To try and combat this issue I’ve tried taking a snapshot, pausing the speakers I want to play it on, joining those speakers, setting the volume, playing the cloud_say, then restoring the snapshot. This has a couple issues. First, the snapshots don’t seem to consistently work very well, sometimes they don’t restore properly. It’s also very jumpy and abrupt. The tracks will “rewind” to where they were a few seconds before the announcement started.

I’ve attempted to use the HACS alexa media player integration as well with no added help.In an ideal scenario what I’d like is to be able to just use an “announce” feature over the speakers I want to play it on without grouping or ungrouping. The music would lower and the person in the box would announce, then raise the volume back as it does with other features.

Has anyone solved this in a great way? I’d love to hear your ideas and solutions!

You might be looking for this

jjlawren/sonos_cloud: Sonos cloud API integration for Home Assistant with improved TTS/alerts handling (github.com)

There is a forum post go with it somewhere…

As far as I know, the ideal scenario you described doesn’t exist; tts.cloud_say is as close as you will get to a convenient voiceover.

FWIW, I don’t use that service call (HA instance is inaccessible from the internet) so I pause whatever is currently playing (if anything), snapshot/pause/unjoin/join/set volume/play the announcement/restore snapshot. So, no voiceover, just the usual ‘butt-in’ along with all the rigmarole of juggling groups.

As you already know, the unjoining/joining isn’t instantaneous so I implemented two strategies to avoid it when possible.

  1. I check the current grouping and if it matches the desired grouping, I skip the unjoin/join step. So if the goal is to play the announcement to Downstairs speakers, if they’re already grouped that way I leave them as-is.
  2. I provide the ability to play an announcement in what I call “opportunistic mode”. If the announcement is to be played Downstairs and there are currently one or more speakers playing something downstairs, then don’t unjoin/join but simply play to the existing grouping. It’s sort of a “good enough” coverage; play to wherever someone is already listening.

I should point out that these two strategies are based on our listening habits where typically only one stream occurs at a time (i.e. Downstairs is not playing something different from Bedroom). The strategies can probably be adapted to handle that situation but I haven’t explored it (yet).


EDIT

Correction. tts.cloud_say not service.cloud_say.

Welcome!

I am a neophyte noob in the Sonos space (then again probably in all ‘space’ :wink: ) So you are probably beyond this when you say you are taking a ‘snapshot’. That said, if you have not yet done so, you might poke around with these two external libraries to see if they offer a more robust way to save and restore the state of your Sonos environment. Good hunting!

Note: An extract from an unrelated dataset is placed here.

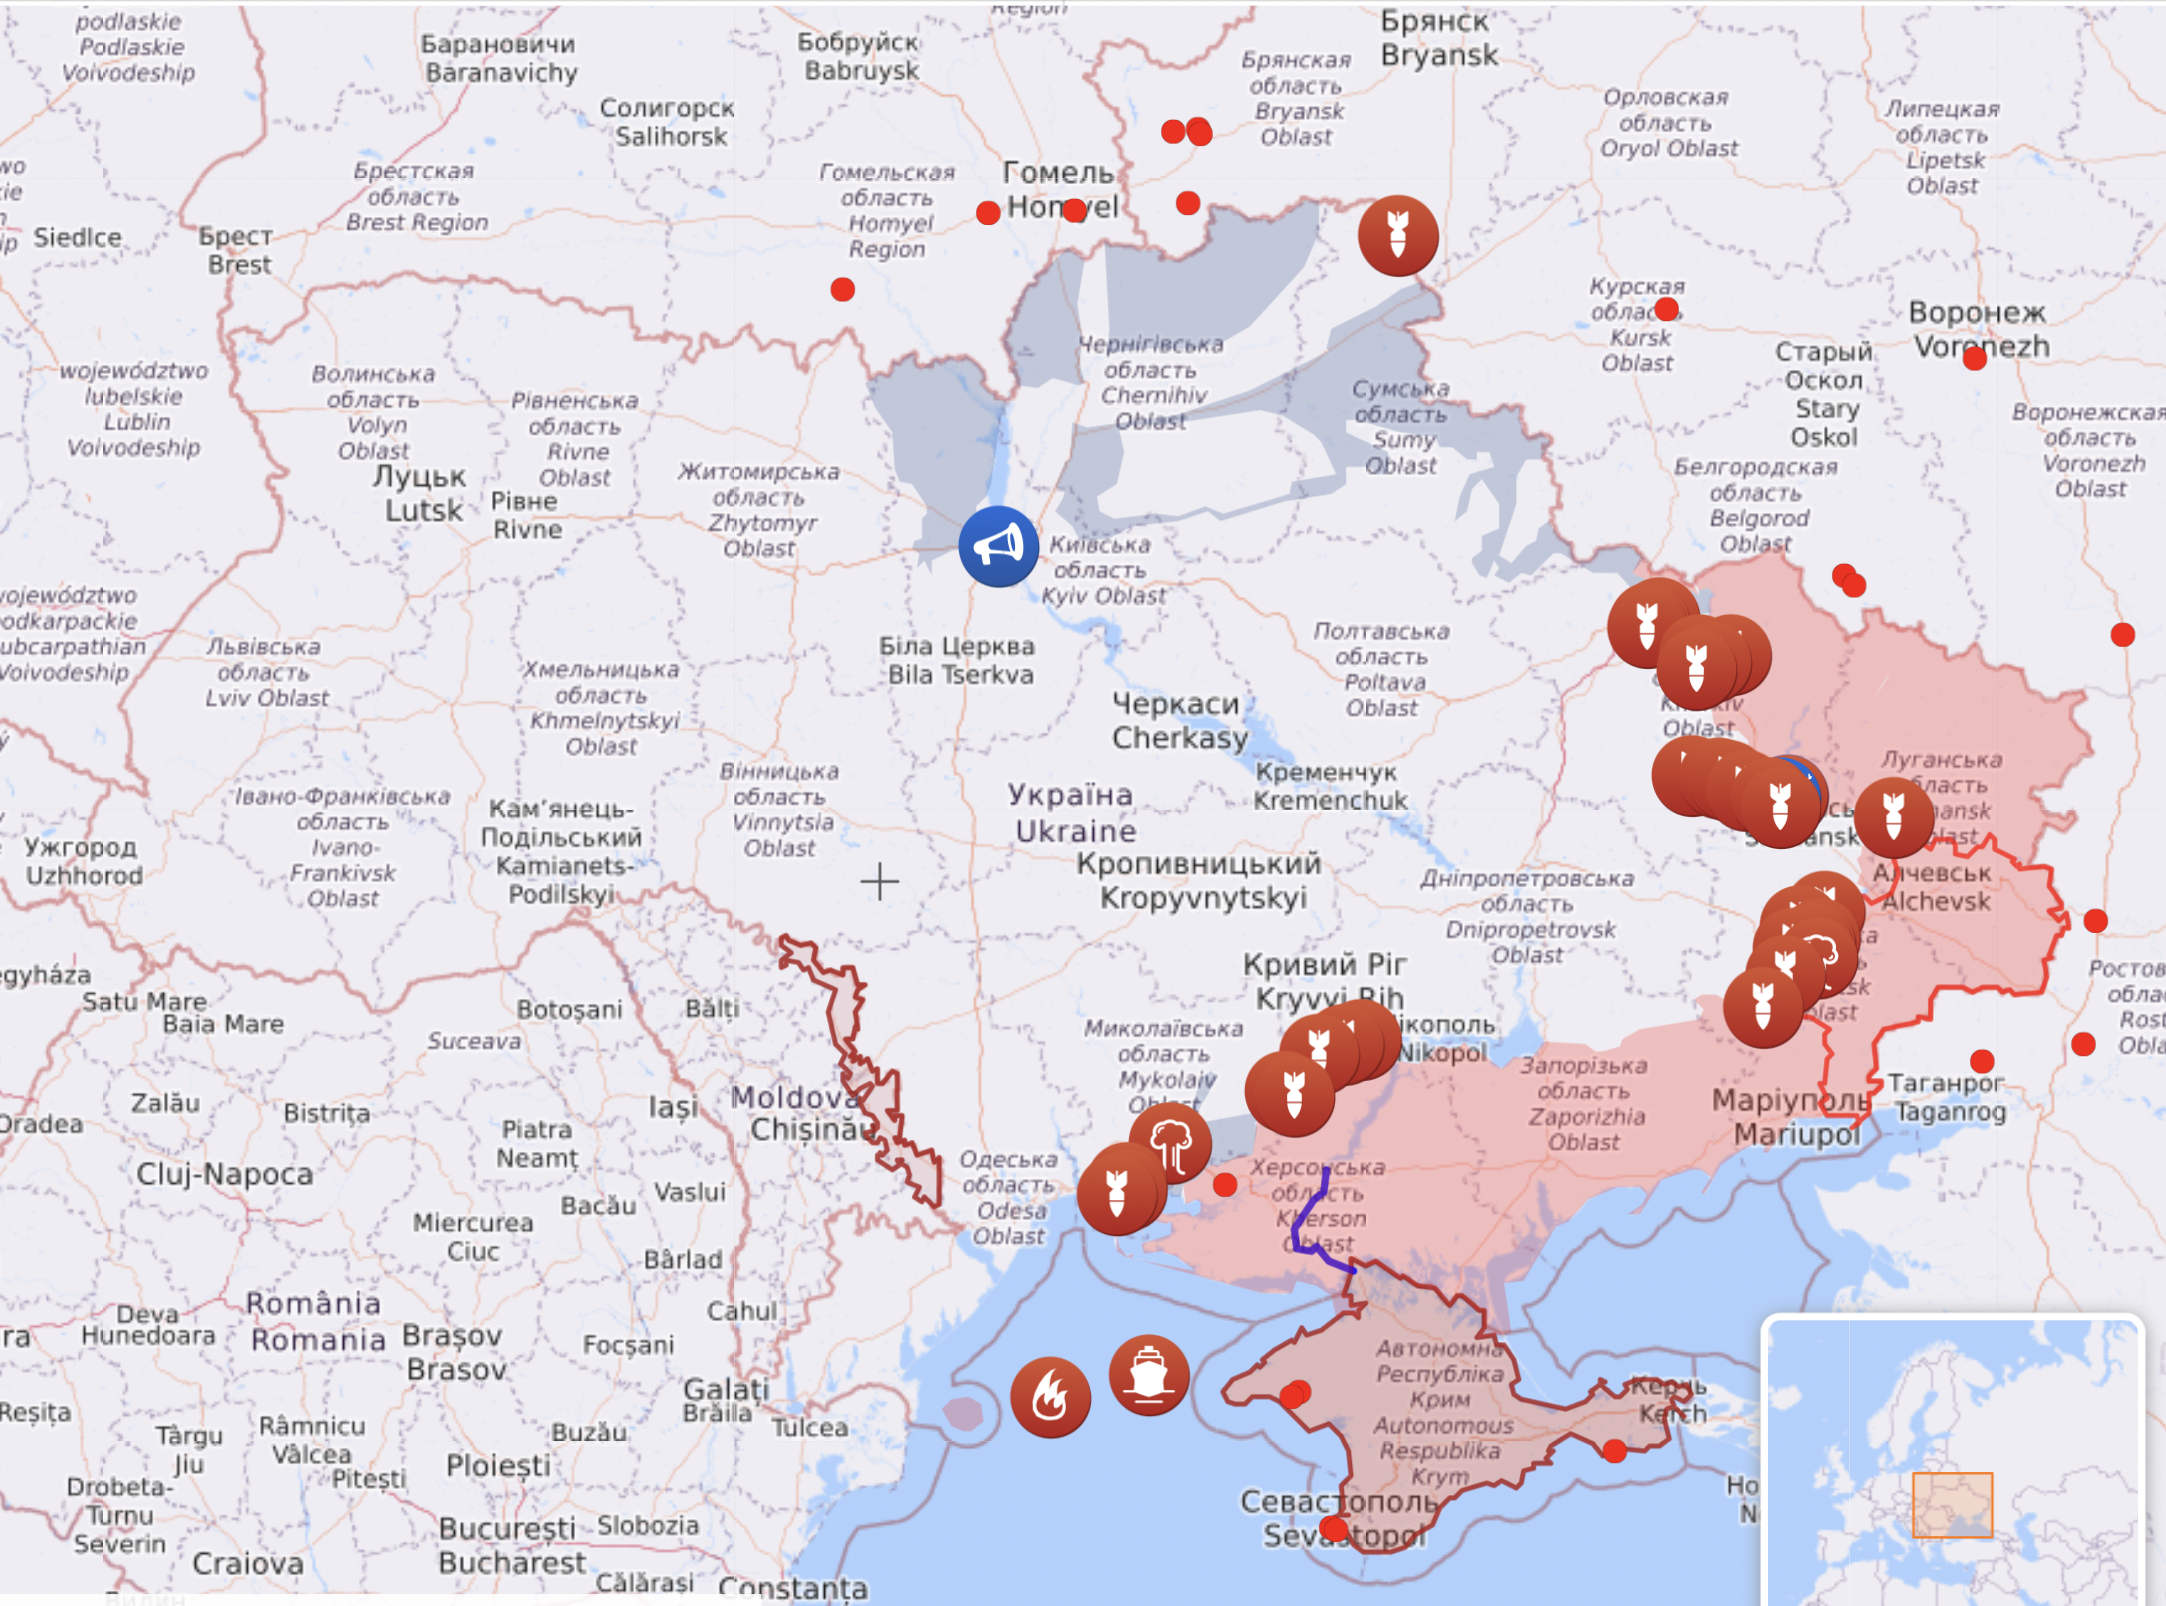 Карта войны в Украине: где идут бои по состоянию на 21 июня

I believe you may be referring to this one:

That’s the custom integration developed by jjlawren that implements the audioclip feature using Sonos’ Cloud API. In other words, it’s the integration that provides the tts.cloud_say service call.

Over music I wouldn’t know, but I myself use Node Red to snapshot the music and it’s state being played, send a tts message and then resume the music again without any issues occurring as mentioned in the original post. Creating a snapshot of the state of the sonos device means it will resume exactly where it was stopped, but also if it wasn’t playing the snapped state is ‘pauzed’ and not playing. I guess the magic is in the Sonos node-red node that is handling this?

This is depended on you using node-red. I don’t know of a way to do it in HA own automations.

It does require adding some specific Sonos nodes to your Node Red Pallet, they do not come with the default install of Node Red.

Snap the state, play voice-message, wait, return to state snapped

Snapping the state
Screenshot 2022-02-22 at 23.06.22

Returning to the snapped state
Screenshot 2022-02-22 at 23.06.39

The Universal Node from this set of nodes should be added to your pallet.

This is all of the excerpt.